Over the weekend I had the opportunity to join members of the Wildlands Trust and eight other locals for a 2.5-mile tour of Hoyt-Hall Preserve in Marshfield. As a recent transplant to Southeastern Massachusetts, this was my first opportunity to explore a natural area beyond my adopted hometown of Plymouth, and Hoyt-Hall served as a good introduction to some of the this dynamic landscape’s other manifestations.
As with much of the rest of the Bay State’s natural landscapes, the forests and wetlands of Hoyt-Hall Preserve are a study in changing patterns of human land use. At the outset of the walk, tour leader Hayley Leonard educated us on how much of Hoyt-Hall encompasses former farmland, and that the forests we’d be traversing are secondary successional forests. Moreover, Hoyt-Hall’s freshwater Long Tom Pond is a product of colonial-era damming of what used to be an extension of tidal Duxbury Bay.

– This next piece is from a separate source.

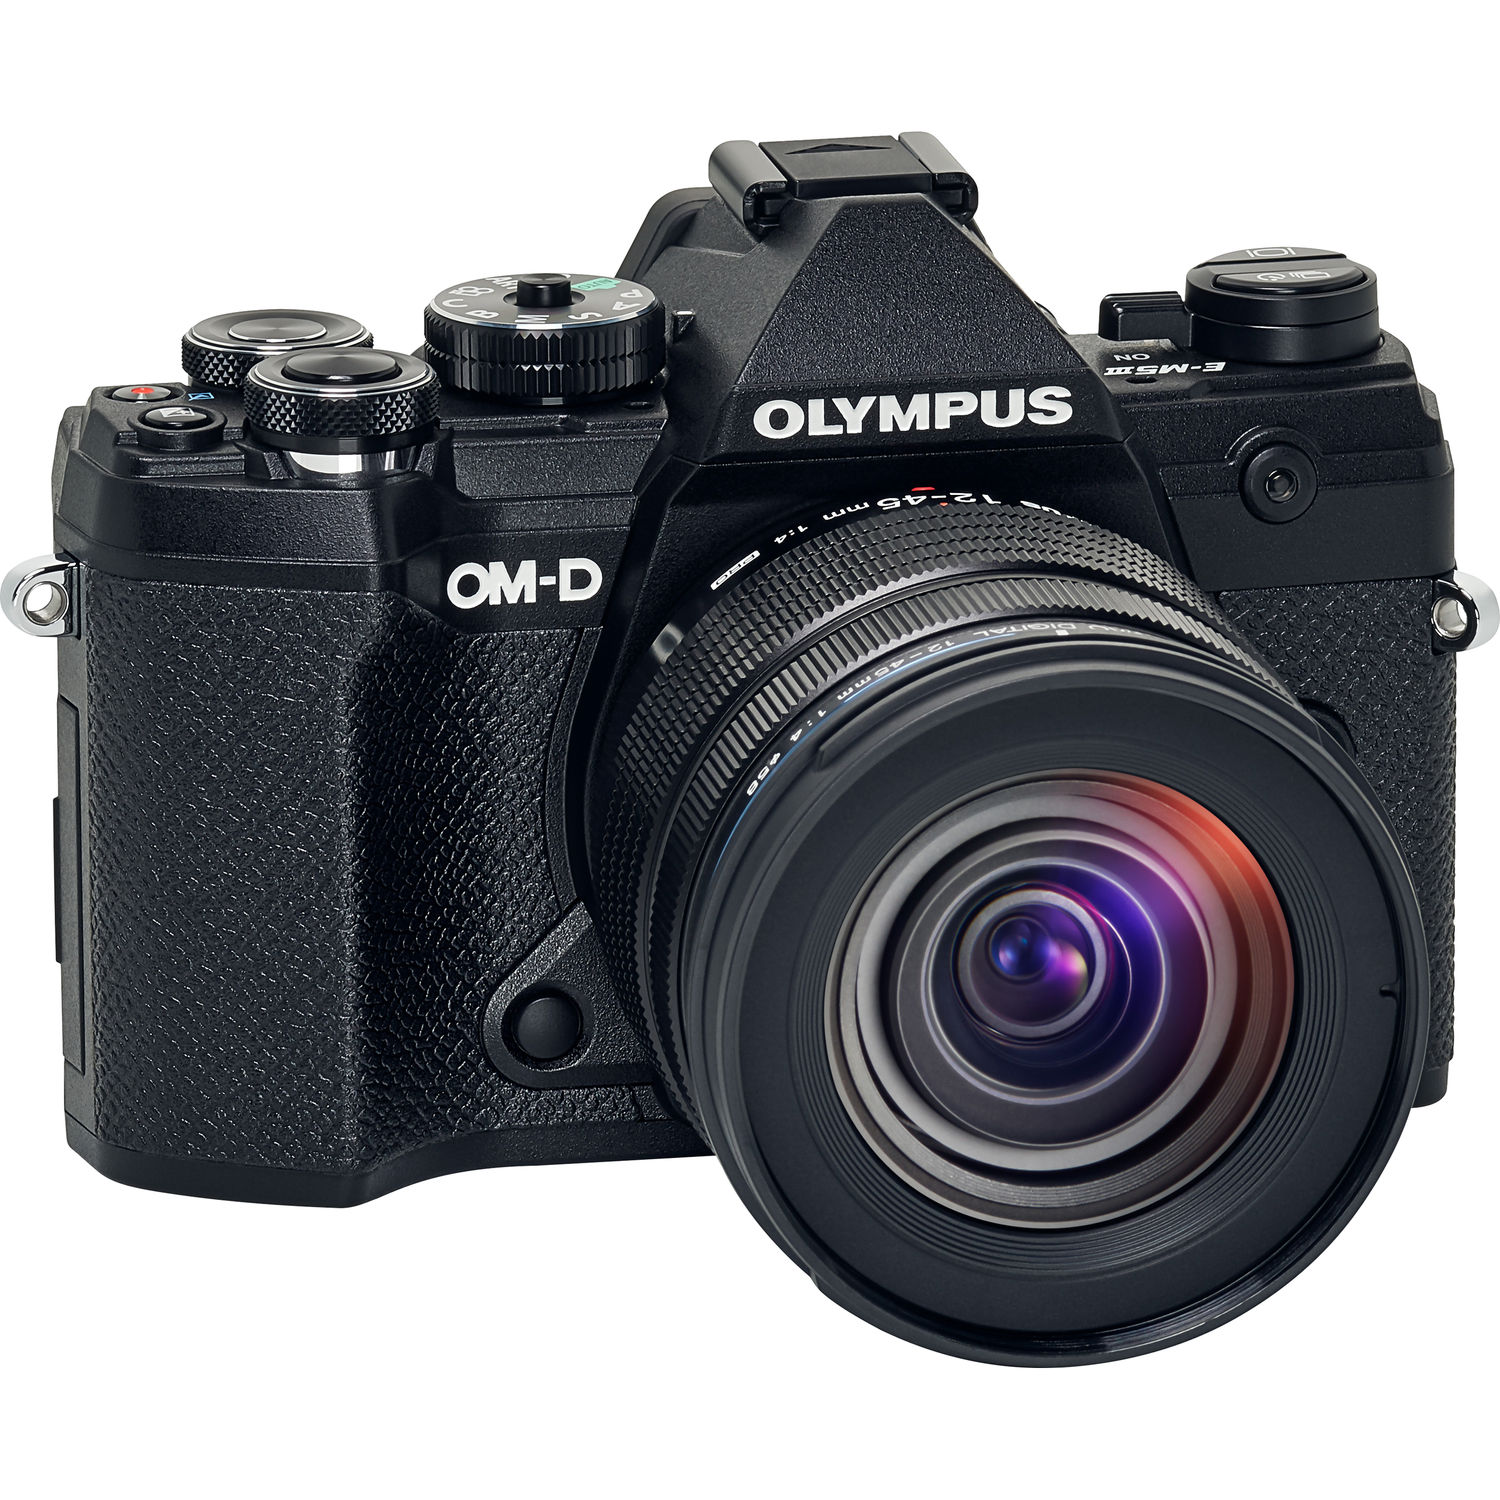 Olympus OM-D E-M5 Mark III Black 12-45mm F4.0 PRO Lens Kit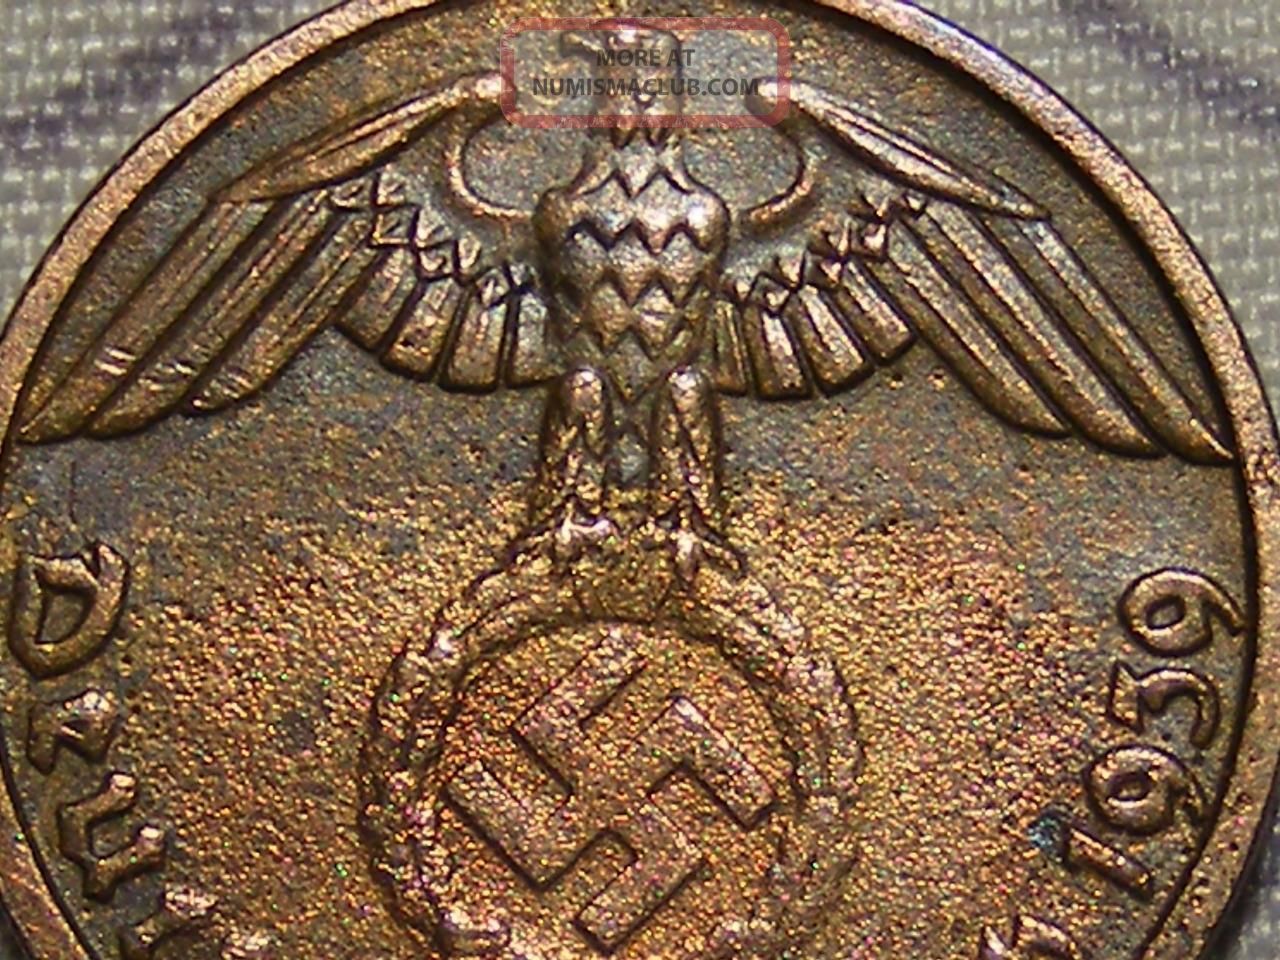 1939 Wwii Nazi Hitler Germany 3rd Reich Munich 1 Reichspfennig Copper War Coin Germany photo

Yet Hoyt-Hall’s recent history of extensive human disturbance did not negate the ability of its relatively young forests to create a world of their own. Despite following well defined trails, we still had to navigate serpentine tree root systems that threatened to trip us up with one errant step. And our frequent transitions between swamplands dominated by red oaks and upland forests dominated by white pines underlined the truth that we were traversing a natural ecosystem that conforms to its own logic of biologic and topographic variety.
Hoyt-Hall Preserve has only been in existence for 19 years, and the ecosystem I hiked through is an expression of the latest, preservation-oriented phase of the Preserve’s land. Thus, Hoyt-Hall stands as testament to how human intervention can at times be to the land’s benefit.